Only juniors and seniors were assigned full-length lockers at our school, so those of us with half lockers sometimes had to get creative. After over four months of me crawling underneath Bobby Avalos between every class, he came up with the idea that we should keep our coats and bags in mine and our books and pencils and stuff in his. “Bobby and I are sharing now.”
“Ah. Bobby Avalos,” Kirby said. “The football player.”
“Soccer player,” I said, sliding on my coat.
“Right. But did you know that in every other country in the world, soccer is called football?”
I draped my bag over my shoulder and stared at my textbooks, trying to remember which ones I needed. “I don’t hear Bobby and his teammates calling themselves football players, though. Sometimes they say footballers.”
“Fun fact: Guys who call themselves ballers are twenty times more likely to give yo
u chlamydia.” He reached into Bobby’s locker and pulled out my stuffed black Lab. “What’s with the Pepper replica?”
I snatched it away from him, and then tucked my geometry book into my bag. “It’s mine. From Bobby.”
Kirby snorted. “A stuffed animal. Such an original gift.”
“Who said it needs to be original? He takes his puppy to the same park I take Pepper to, so he knew it would be meaningful. In fact, that’s how he asked me to winter formal. He put this dog and a card in my locker for me to find one morning.”
“Typical.”
“If you ever had the guts to ask someone, I doubt you’d come up with something better.”
“Maybe not, but I wouldn’t go for the biggest cliché of all time.” Kirby leaned his back against the locker next to Bobby’s and slid down slowly, until he was sitting by my feet. “You and your footballer sound like a couple of single parents in a rom-com. Meeting at the park with your kids. Moving in together.” He gestured at our lockers. “How positively adorable you are.”
“Oh, shut up.” Simultaneously I used my hand to slam Bobby’s locker and my foot to kick mine shut. Then I raced for the exit.

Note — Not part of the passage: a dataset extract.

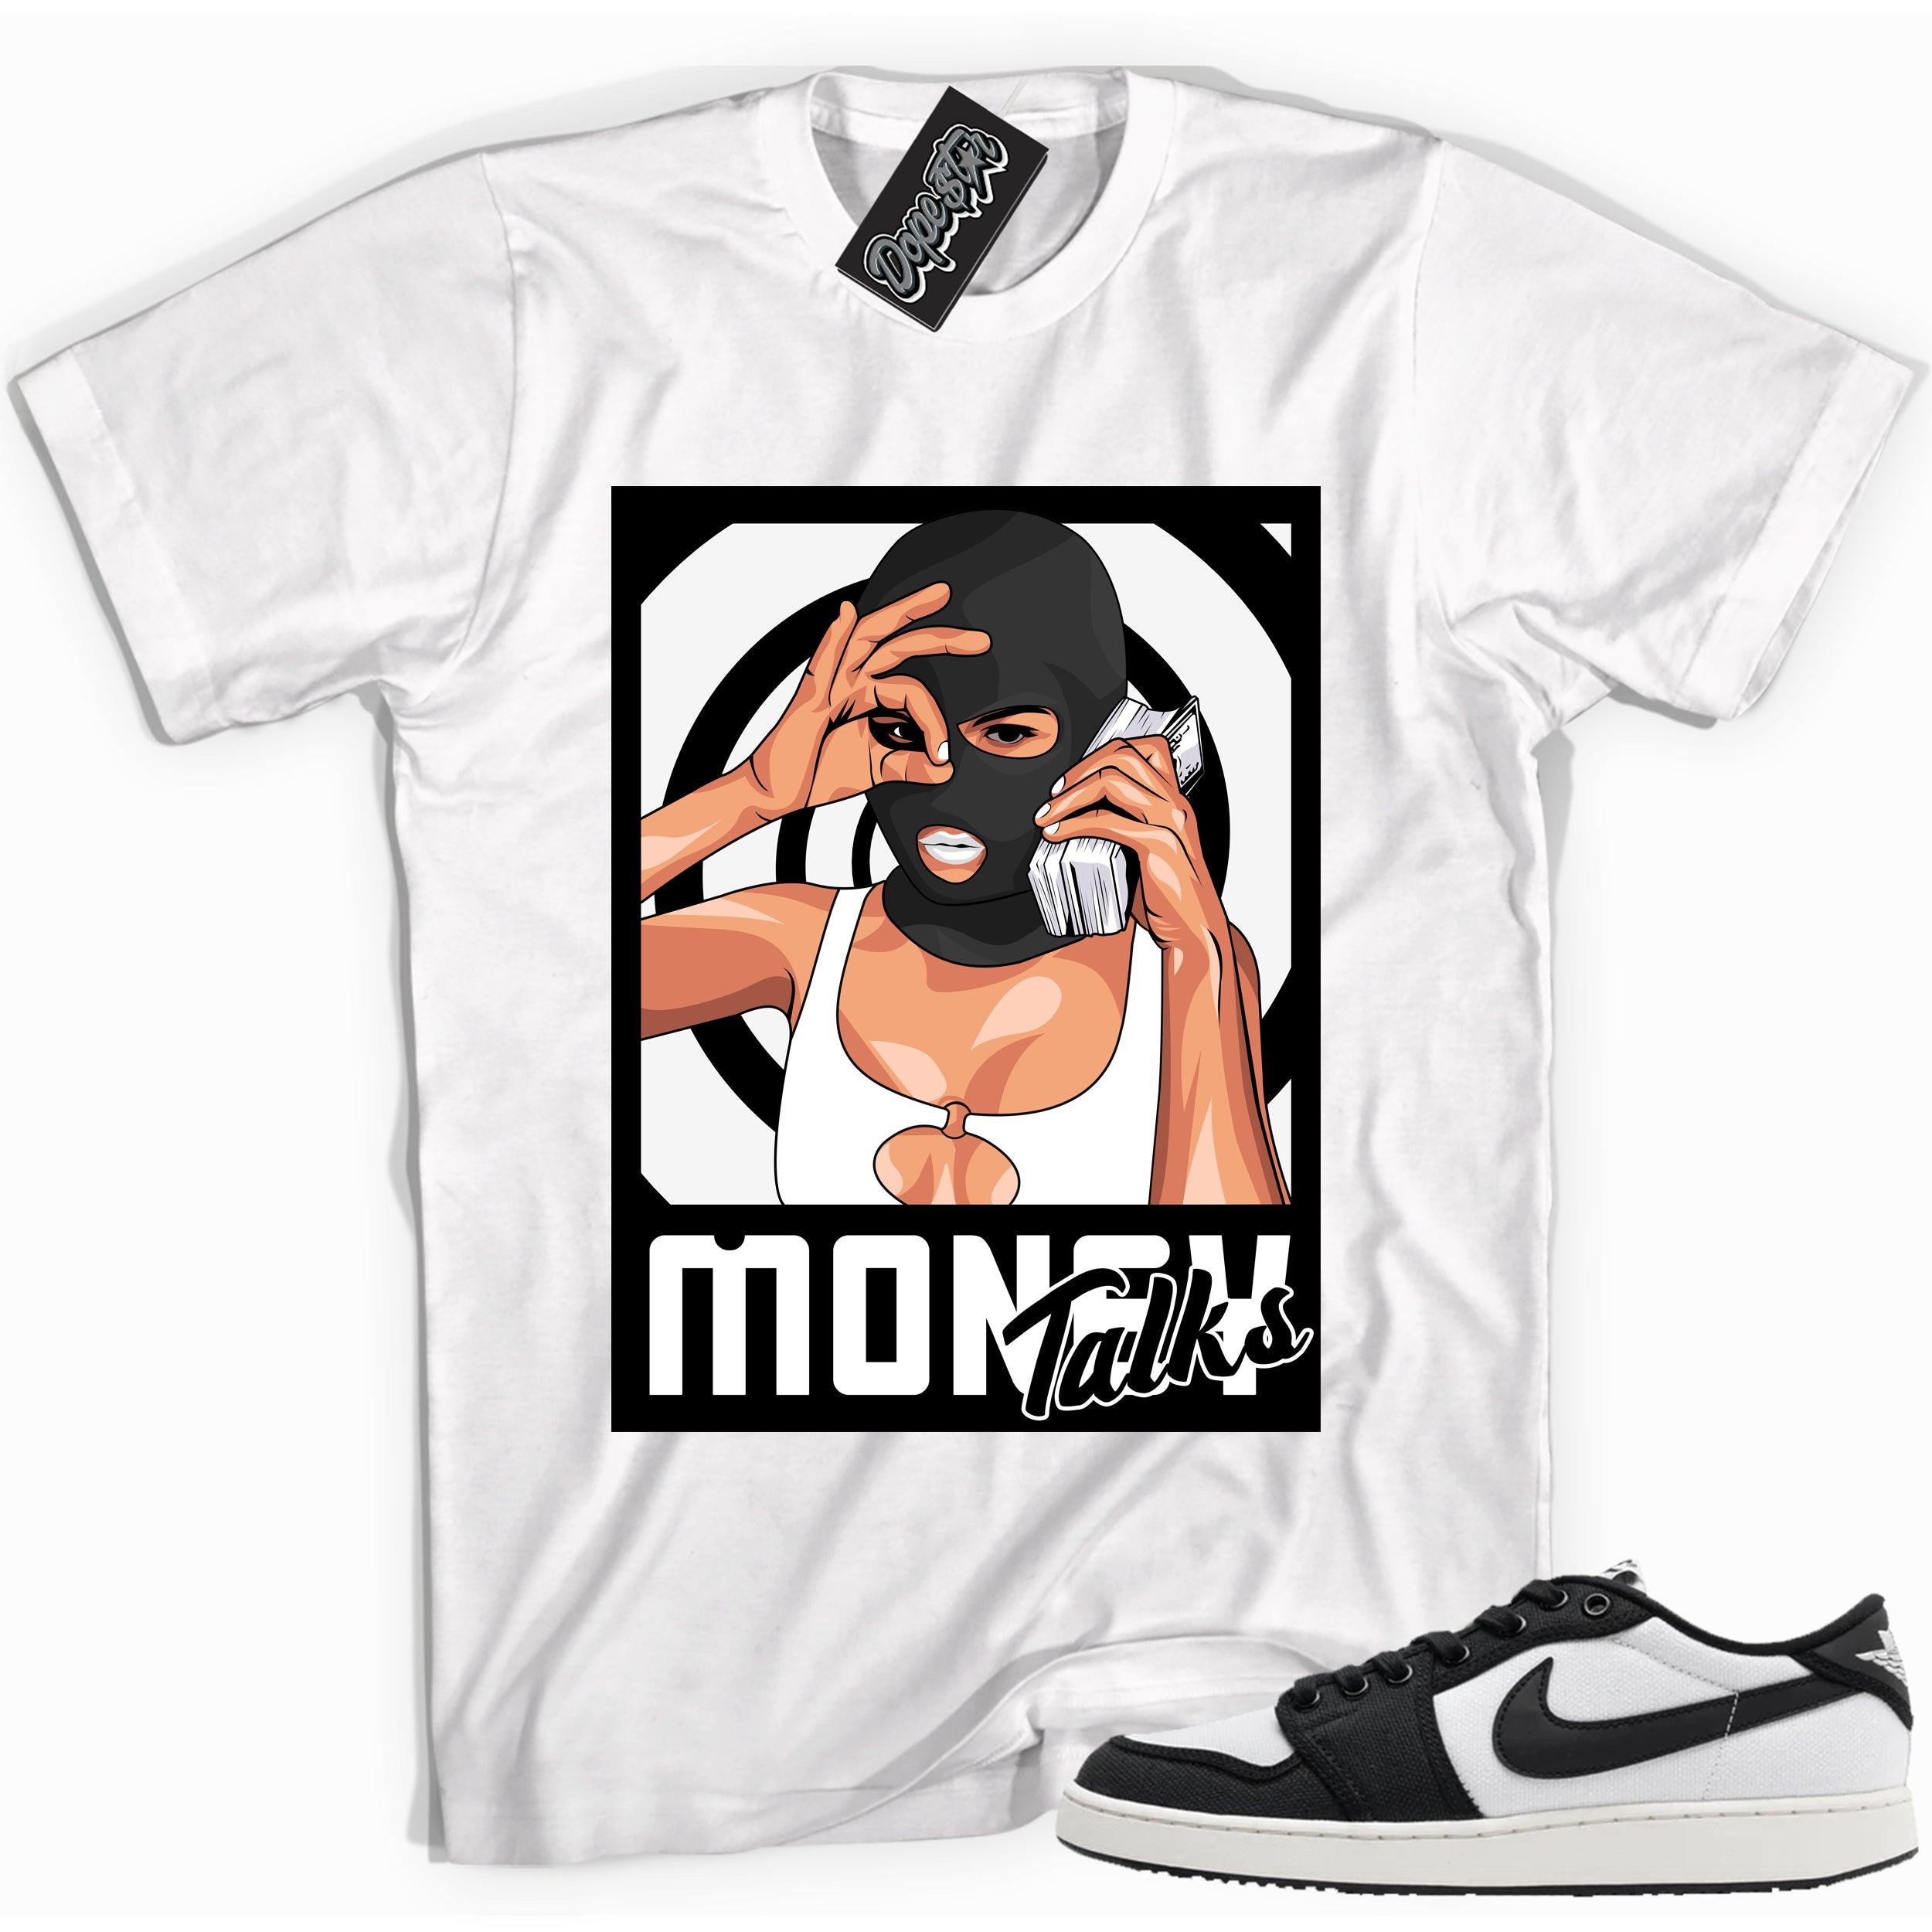 Cool white graphic tee with 'money talks' print, that perfectly matches Air Jordan 1 Retro Ajko Low Black & White sneakers.

I’d made it all the way out the door, down the dark walkway, and almost to Kirby’s car in the empty student parking lot before he caught up. “I’m thinking of asking someone to the dance,” he said.
Kirby never, ever said “I’m sorry” or admitted when he’d been trying to get a reaction out of me. Instead he softened his tone and offered something—usually a compliment or a confession—to smooth things over until he was in a bad mood again.
He stepped forward to unlock the passenger door, and then he even opened it for me. Another unspoken apology.
I sat down and placed my bag on the cleanest floor mat in the history of floor mats. The outside of Kirby’s car was filthy, but you could seriously eat off any part of the inside. “You realize that the dance is happening in, like, a week, right?”